Generally, the nomenclature used herein and the laboratory procedures in cell culture, molecular biology, organic chemistry, virology, and nucleic acid chemistry and hybridization are those well-known and commonly employed in the art. The nomenclature used herein and the laboratory procedures used in analytical chemistry described below are those well-known and commonly employed in the art. Standard techniques or modifications thereof, are used for chemical syntheses and chemical analyses.
Standard techniques are used for peptide synthesis. The techniques and procedures are generally performed according to conventional methods in the art and various general references (e.g., Sambrook and Russell, 2012, Molecular Cloning, A Laboratory Approach, Cold Spring Harbor Press, Cold Spring Harbor, NY, and Ausubel et al., 2002, Current Protocols in Molecular Biology, John Wiley & Sons, NY), which are provided throughout this document.
As used herein, each of the following terms has the meaning associated with it in this section.
In this document, the terms “a,” “an,” or “the” are used to include one or more than one unless the context clearly dictates otherwise.

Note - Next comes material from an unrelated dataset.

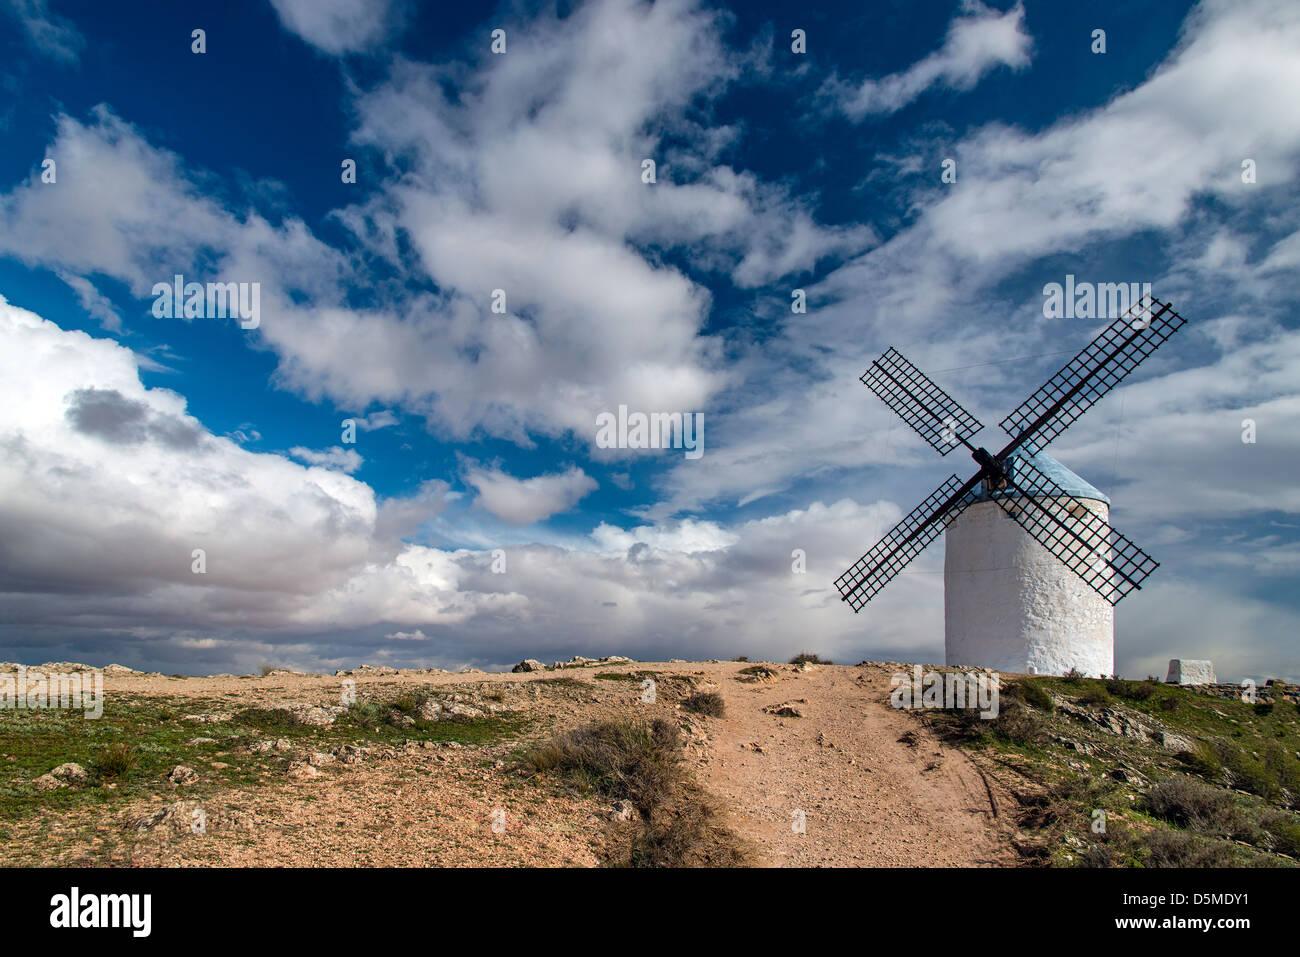 Typical Spanish windmill, Consuegra, Castile La Mancha, Spain - Stock Image

The term “or” is used to refer to a nonexclusive “or” unless otherwise indicated. The statement “at least one of A and B” or “at least one of A or B” has the same meaning as “A, B, or A and B.” In addition, it is to be understood that the phraseology or terminology employed herein, and not otherwise defined, is for the purpose of description only and not of limitation. Any use of section headings is intended to aid reading of the document and is not to be interpreted as limiting; information that is relevant to a section heading may occur within or outside of that particular section. All publications, patents, and patent documents referred to in this document are incorporated by reference herein in their entirety, as though individually incorporated by reference.

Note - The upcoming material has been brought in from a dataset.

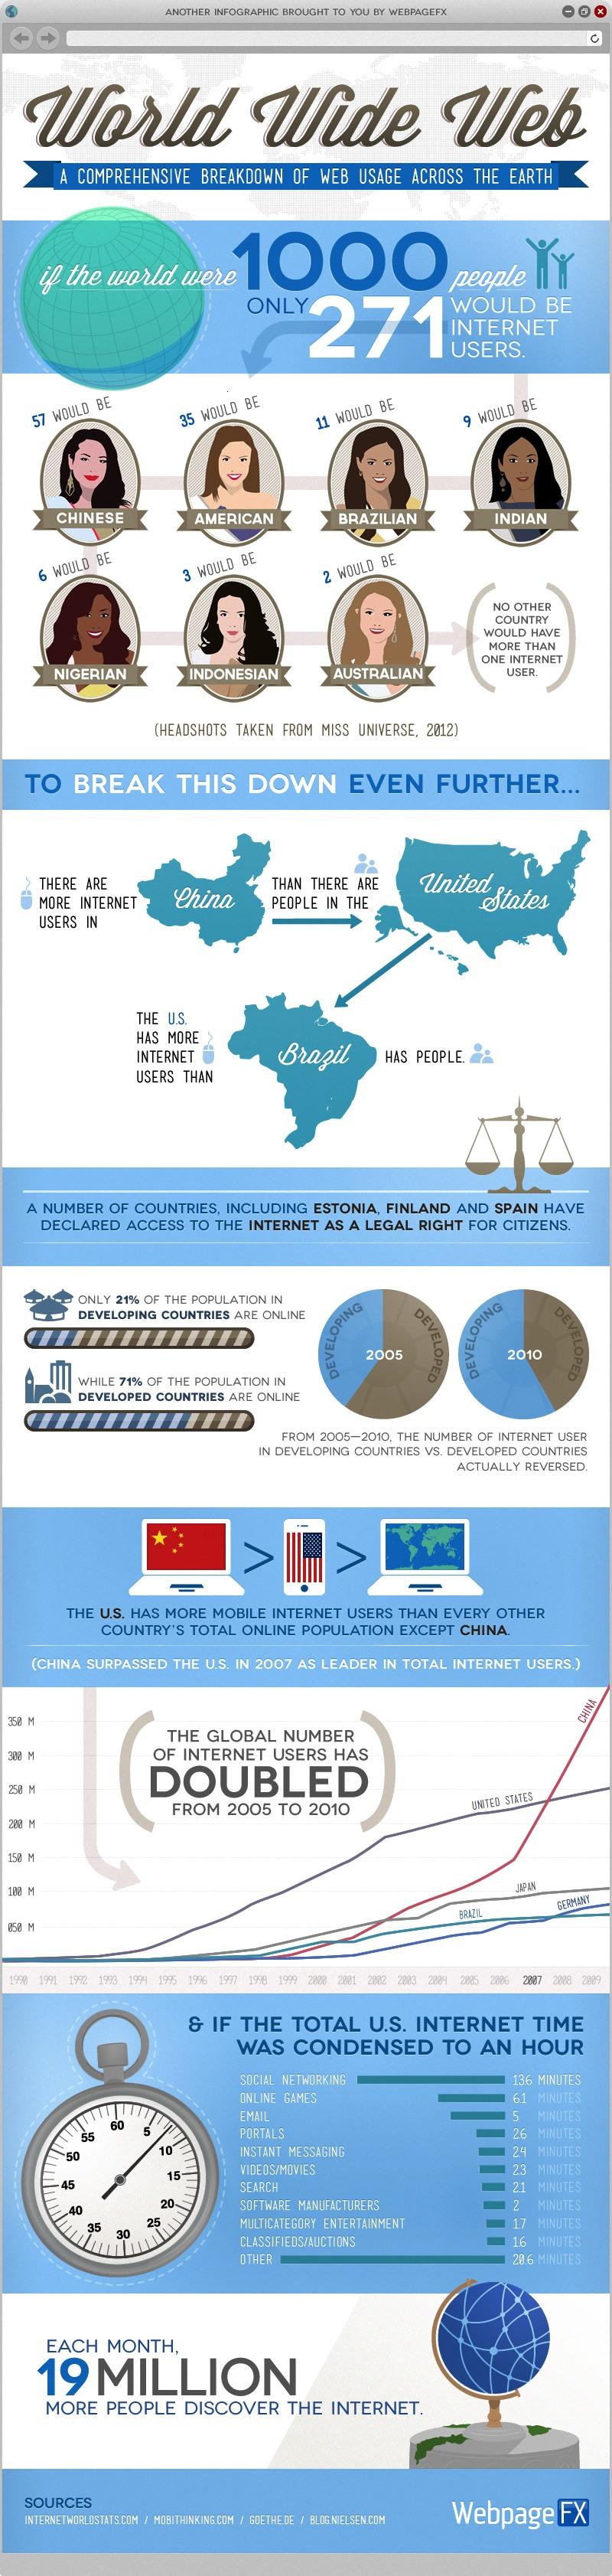 Internet Usage Worldwide Infographic

In the methods described herein, the acts can be carried out in any order, except when a temporal or operational sequence is explicitly recited. Furthermore, specified acts can be carried out concurrently unless explicit claim language recites that they be carried out separately. For example, a claimed act of doing X and a claimed act of doing Y can be conducted simultaneously within a single operation, and the resulting process will fall within the literal scope of the claimed process.

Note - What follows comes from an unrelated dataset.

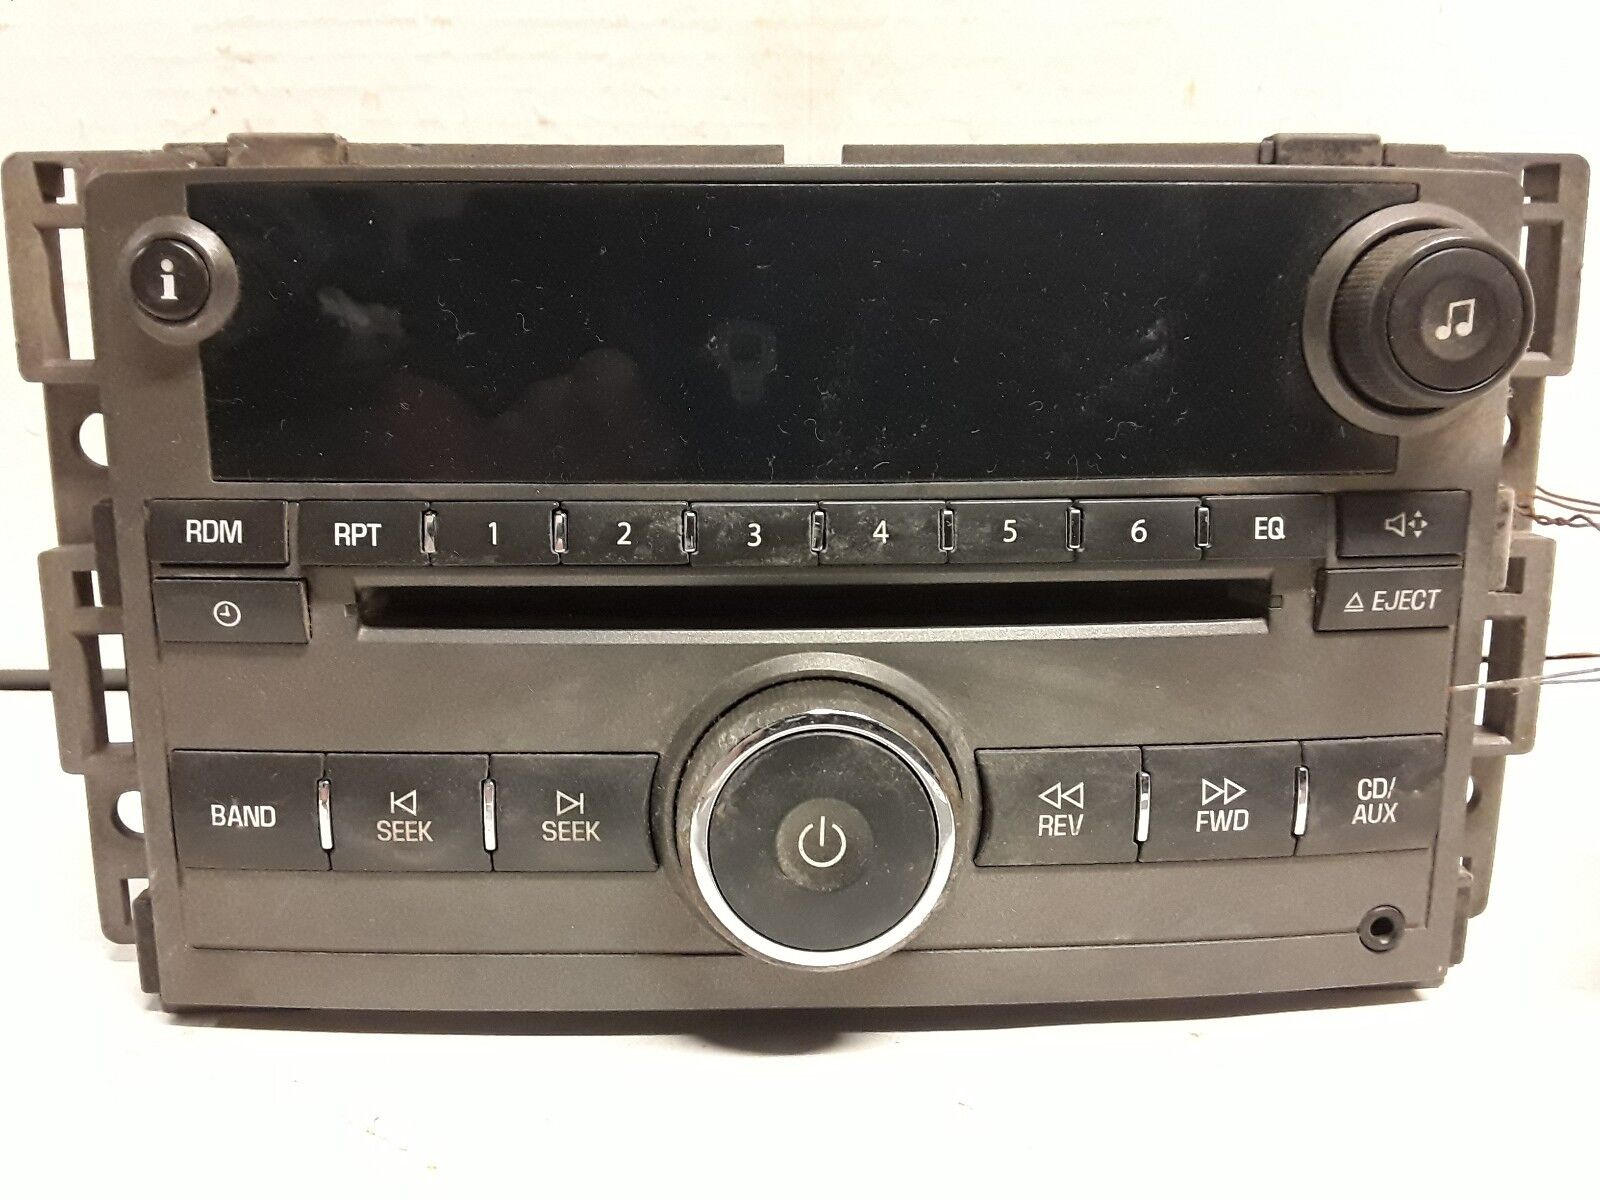 06 07 08 Chevy HHR AM FM CD radio receiver OEM 15812373

As used herein, “about” when referring to a measurable value such as an amount, a temporal duration, and the like, is meant to encompass variations of ±20% or ±10%, more preferably ±5%, even more preferably ±1%, and still more preferably ±0.1% from the specified value, as such variations are appropriate to perform the disclosed methods.
As used herein, the term “acylated” refers to the chemical moiety —C(═O)R, wherein R is optionally substituted C1-C20 alkyl, C3-C8 cycloalkyl, aryl, heteroaryl, or heterocyclyl. In certain embodiments, R is optionally substituted C1-C20 alkyl. In certain embodiments, R is optionally substituted C1-C6 alkyl. In certain embodiments, R is optionally substituted C3-C8 cycloalkyl. In certain embodiments, R is optionally substituted aryl. In certain embodiments, R is optionally substituted heteroaryl. In certain embodiments, R is optionally substituted heterocyclyl.
As used herein, a disease or disorder is “alleviated” if the severity or frequency of at least one sign or symptom of the disease or disorder experienced by a patient is reduced.
As used herein, the term “analog” or “analogue” or “derivative” is meant to refer to a chemical compound or molecule made from a parent compound or molecule by one or more chemical reactions. As such, an analog can be a structure having a structure similar to that of the small molecule inhibitors described herein or can be based on a scaffold of a small molecule inhibitor described herein, but differing from it in respect to certain components or structural makeup, which may have a similar or opposite action metabolically. An analog or derivative of any of a small molecule inhibitor in accordance with the present disclosure can be used within the methods of the present disclosure.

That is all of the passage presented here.